Accumulate full blocks from input. The read system call may return early if a full block is not available. When that happens, continue calling read to fill the remainder of the block. This flag can be used only with iflag. This flag is useful with pipes for example as they may return short reads. In that case, this flag is needed to ensure that a ‘count=’ argument is interpreted as a block count rather than a count of read operations.

These flags are all GNU extensions to POSIX. They are not supported on all systems, and ‘dd’ rejects attempts to use them when they are not supported. When reading from standard input or writing to standard output, the ‘nofollow’ and ‘noctty’ flags should not be specified, and the other flags (e.g., ‘nonblock’) can affect how other processes behave with the affected file descriptors, even after dd exits.

The behavior of dd is unspecified if operands other than ‘conv=’, ‘iflag=’, ‘oflag=’, and ‘status=’ are specified more than once.

The numeric-valued strings above (n and bytes) are unsigned decimal integers that can be followed by a multiplier: ‘b’=512, ‘c’=1, ‘w’=2, ‘xm’=m, or any of the standard block size suffixes like ‘k’=1024 (see Block size). These multipliers are GNU extensions to POSIX, except that POSIX allows bytes to be followed by ‘k’, ‘b’, and ‘xm’. An ‘xm’ can be used more than once in a number. Block sizes (i.e., specified by bytes strings) must be nonzero.

Any block size you specify via ‘bs=’, ‘ibs=’, ‘obs=’, ‘cbs=’ should not be too large – values larger than a few megabytes are generally wasteful or (as in the gigabyte..exabyte case) downright counterproductive or error-inducing.

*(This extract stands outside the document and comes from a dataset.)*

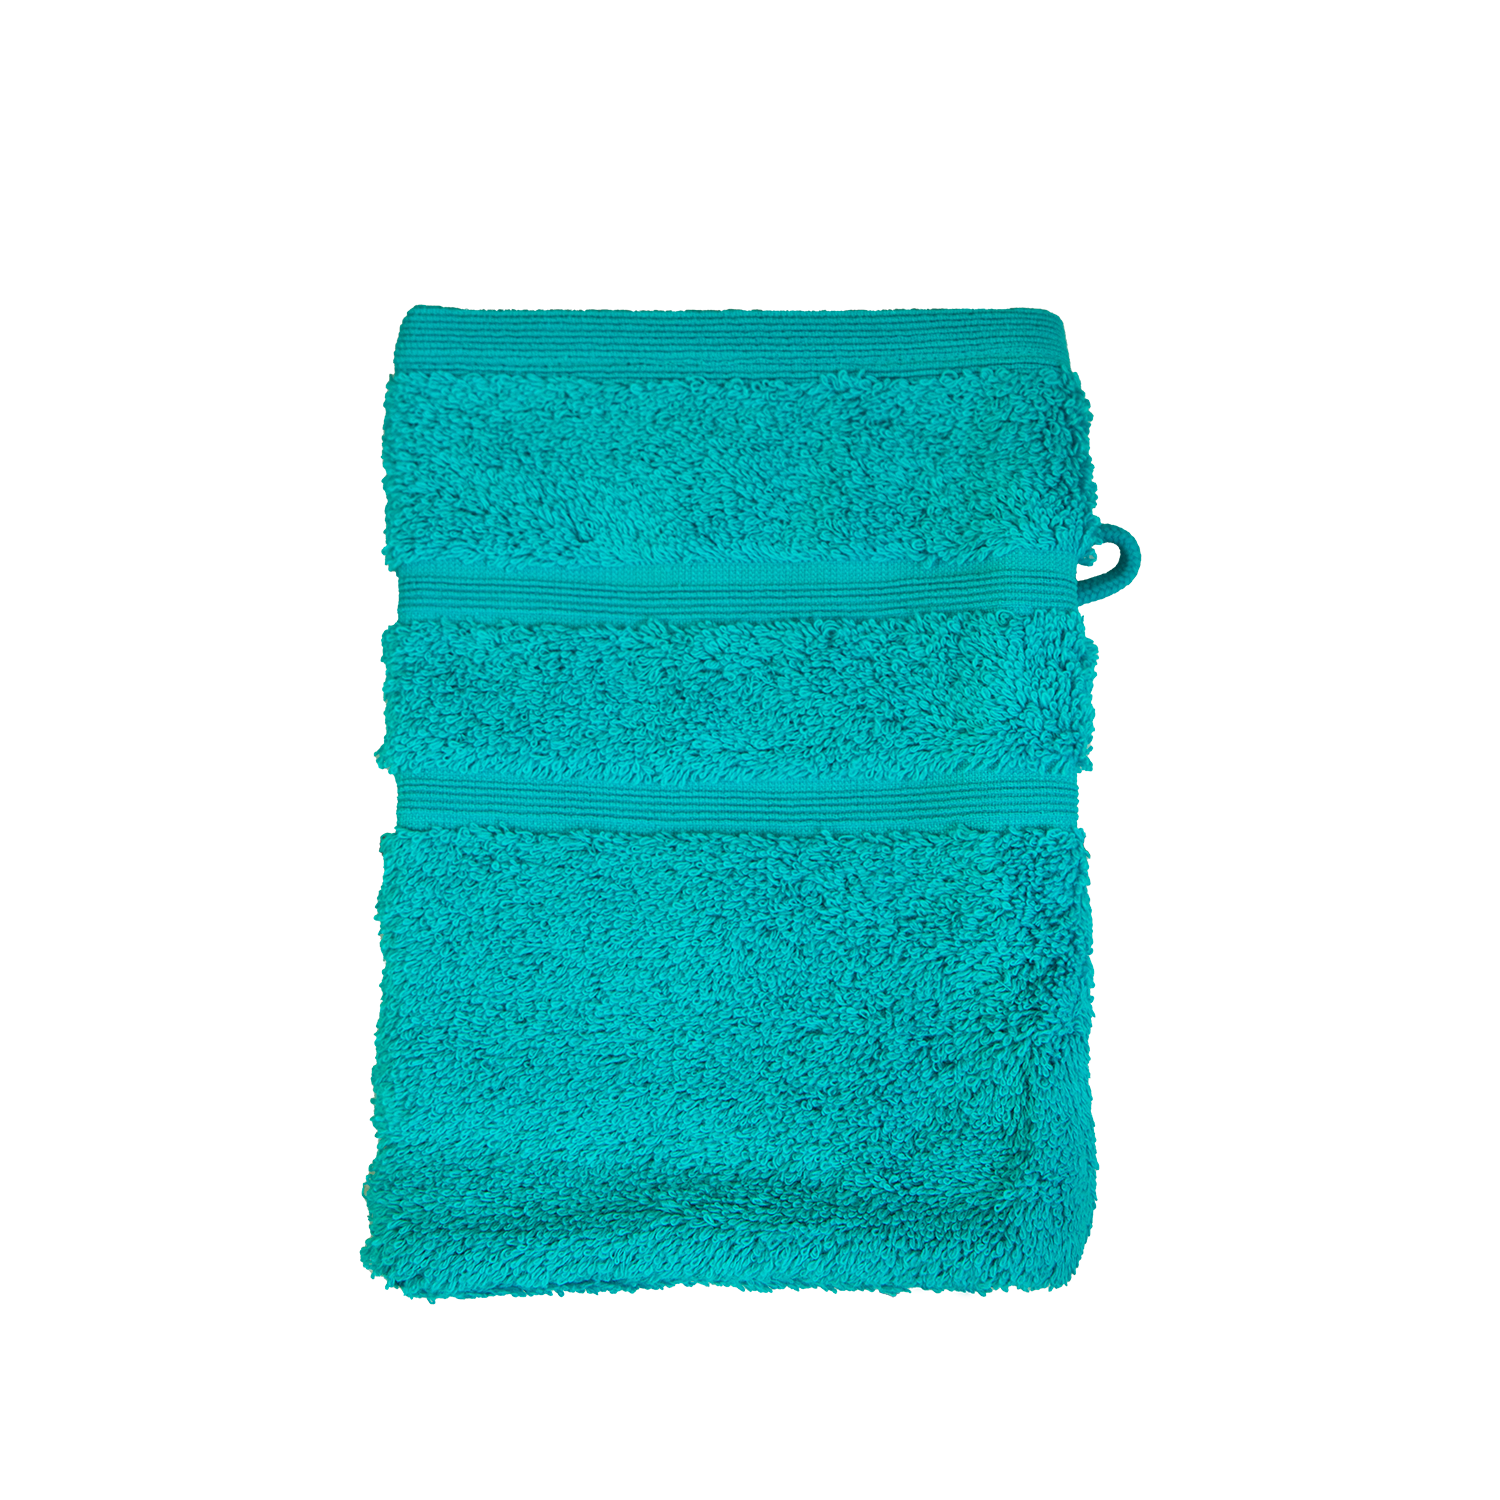 Bio Baumwoll Waschhandschuh, Größe 16 mal 21 cm in der Farbe Sea (Türkis)
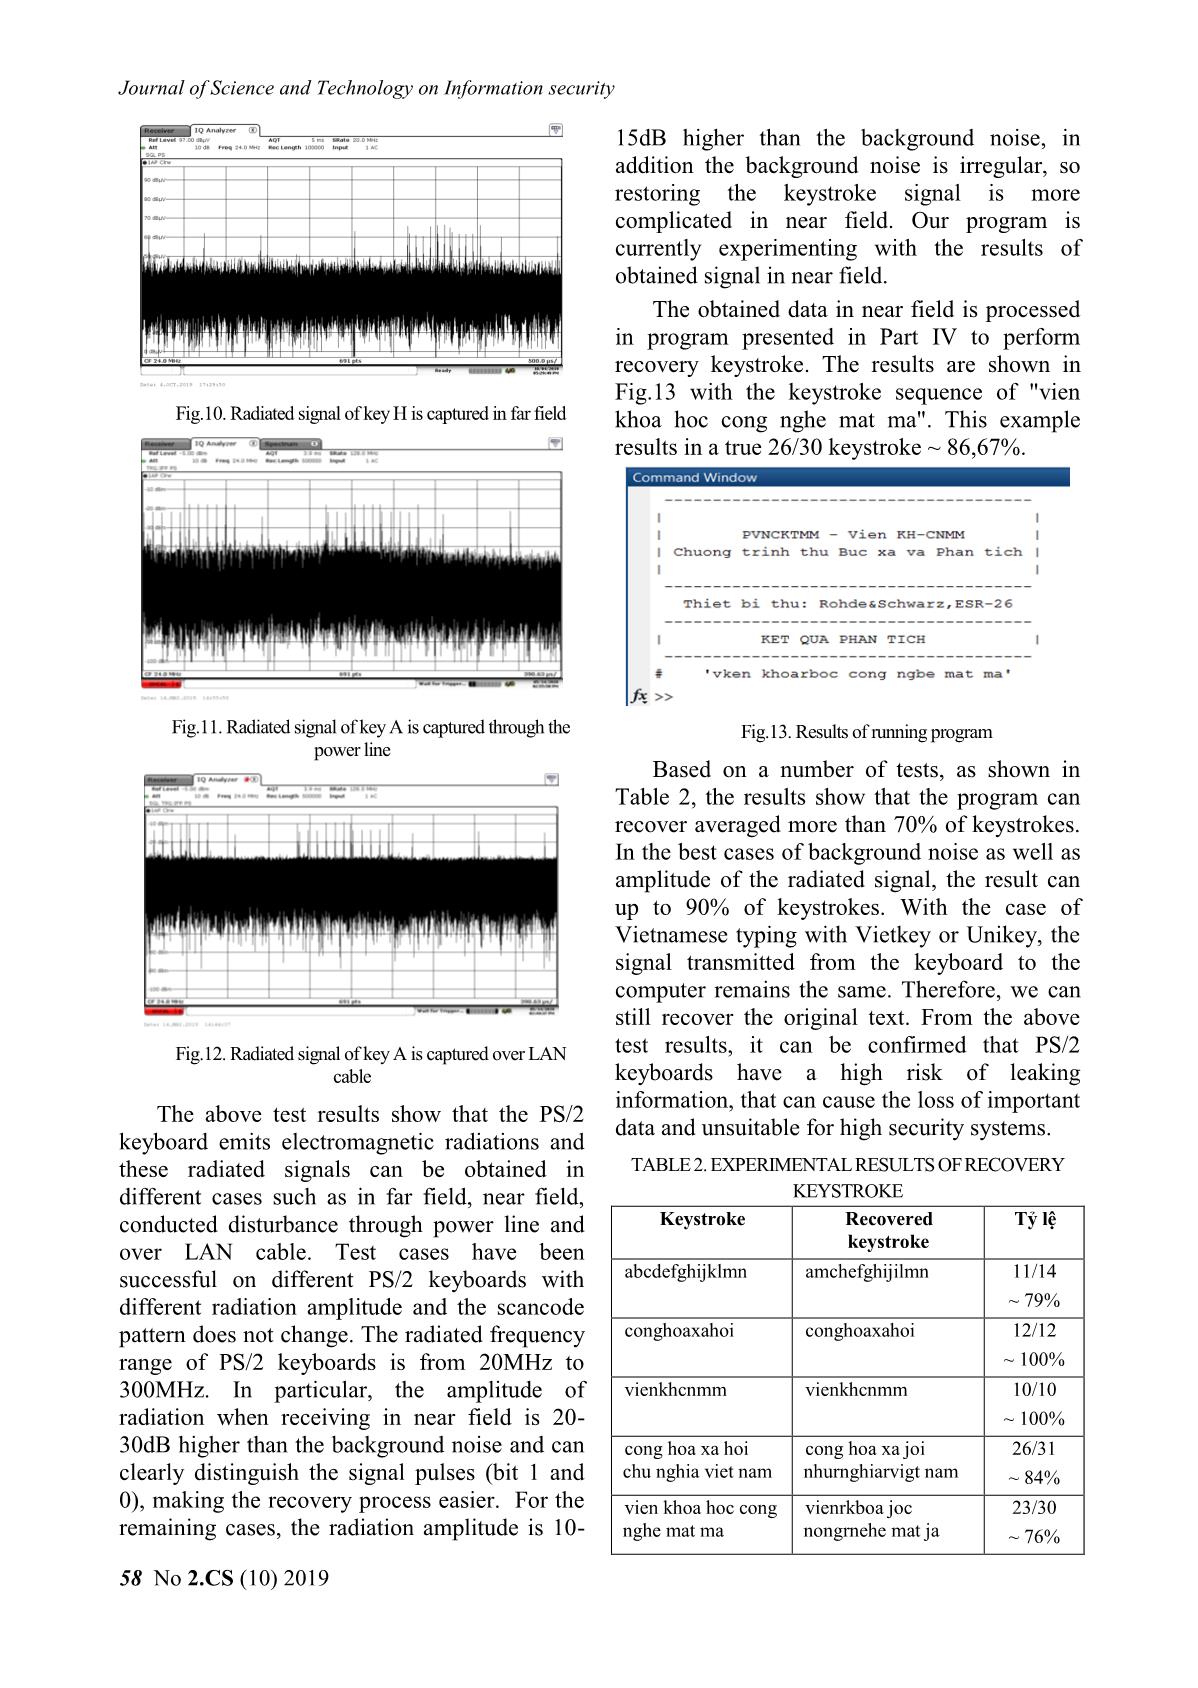 Information leakage through electromagnetic radiation of ps / 2 keyboard trang 8

To process data with offset or size that is not a multiple of the I/O block size, you can use a numeric string n that ends in the letter ‘B’. For example, the following shell commands copy data in 1 MiB blocks between a flash drive and a tape, but do not save or restore a 512-byte area at the start of the flash drive:

flash=/dev/sda
tape=/dev/st0

# Copy all but the initial 512 bytes from flash to tape.
dd if=$flash iseek=512B bs=1MiB of=$tape

# Copy from tape back to flash, leaving initial 512 bytes alone.
dd if=$tape bs=1MiB of=$flash oseek=512B

For failing storage devices, other tools come with a great variety of extra functionality to ease the saving of as much data as possible before the device finally dies, e.g. GNU ddrescue. However, in some cases such a tool is not available or the administrator feels more comfortable with the handling of dd. As a simple rescue method, call dd as shown in the following example: the operand ‘conv=noerror,sync’ is used to continue after read errors and to pad out bad reads with NULs, while ‘iflag=fullblock’ caters for short reads (which traditionally never occur on flash or similar devices):

# Rescue data from an (unmounted!) partition of a failing device.
dd conv=noerror,sync iflag=fullblock </dev/sda1 > /mnt/rescue.img

Sending an ‘INFO’ signal (or ‘USR1’ signal where that is unavailable) to a running dd process makes it print I/O statistics to standard error and then resume copying. In the example below, dd is run in the background to copy 5GB of data. The kill command makes it output intermediate I/O statistics, and when dd completes normally or is killed by the SIGINT signal, it outputs the final statistics.

# Ignore the signal so we never inadvertently terminate the dd child.
# (This is not needed when SIGINFO is available.)
trap '' USR1

# Run dd with the fullblock iflag to avoid short reads
# which can be triggered by reception of signals.
dd iflag=fullblock if=/dev/zero of=/dev/null count=5000000 bs=1000 & pid=$!

# Output stats every second.
while kill -s USR1 $pid 2>/dev/null; do sleep 1; done

The above script will output in the following format:

3441325+0 records in
3441325+0 records out
3441325000 bytes (3.4 GB, 3.2 GiB) copied, 1.00036 s, 3.4 GB/s
5000000+0 records in
5000000+0 records out
5000000000 bytes (5.0 GB, 4.7 GiB) copied, 1.44433 s, 3.5 GB/s

The ‘status=progress’ operand periodically updates the last line of the transfer statistics above.

On systems lacking the ‘INFO’ signal dd responds to the ‘USR1’ signal instead, unless the POSIXLY_CORRECT environment variable is set.

An exit status of zero indicates success, and a nonzero value indicates failure.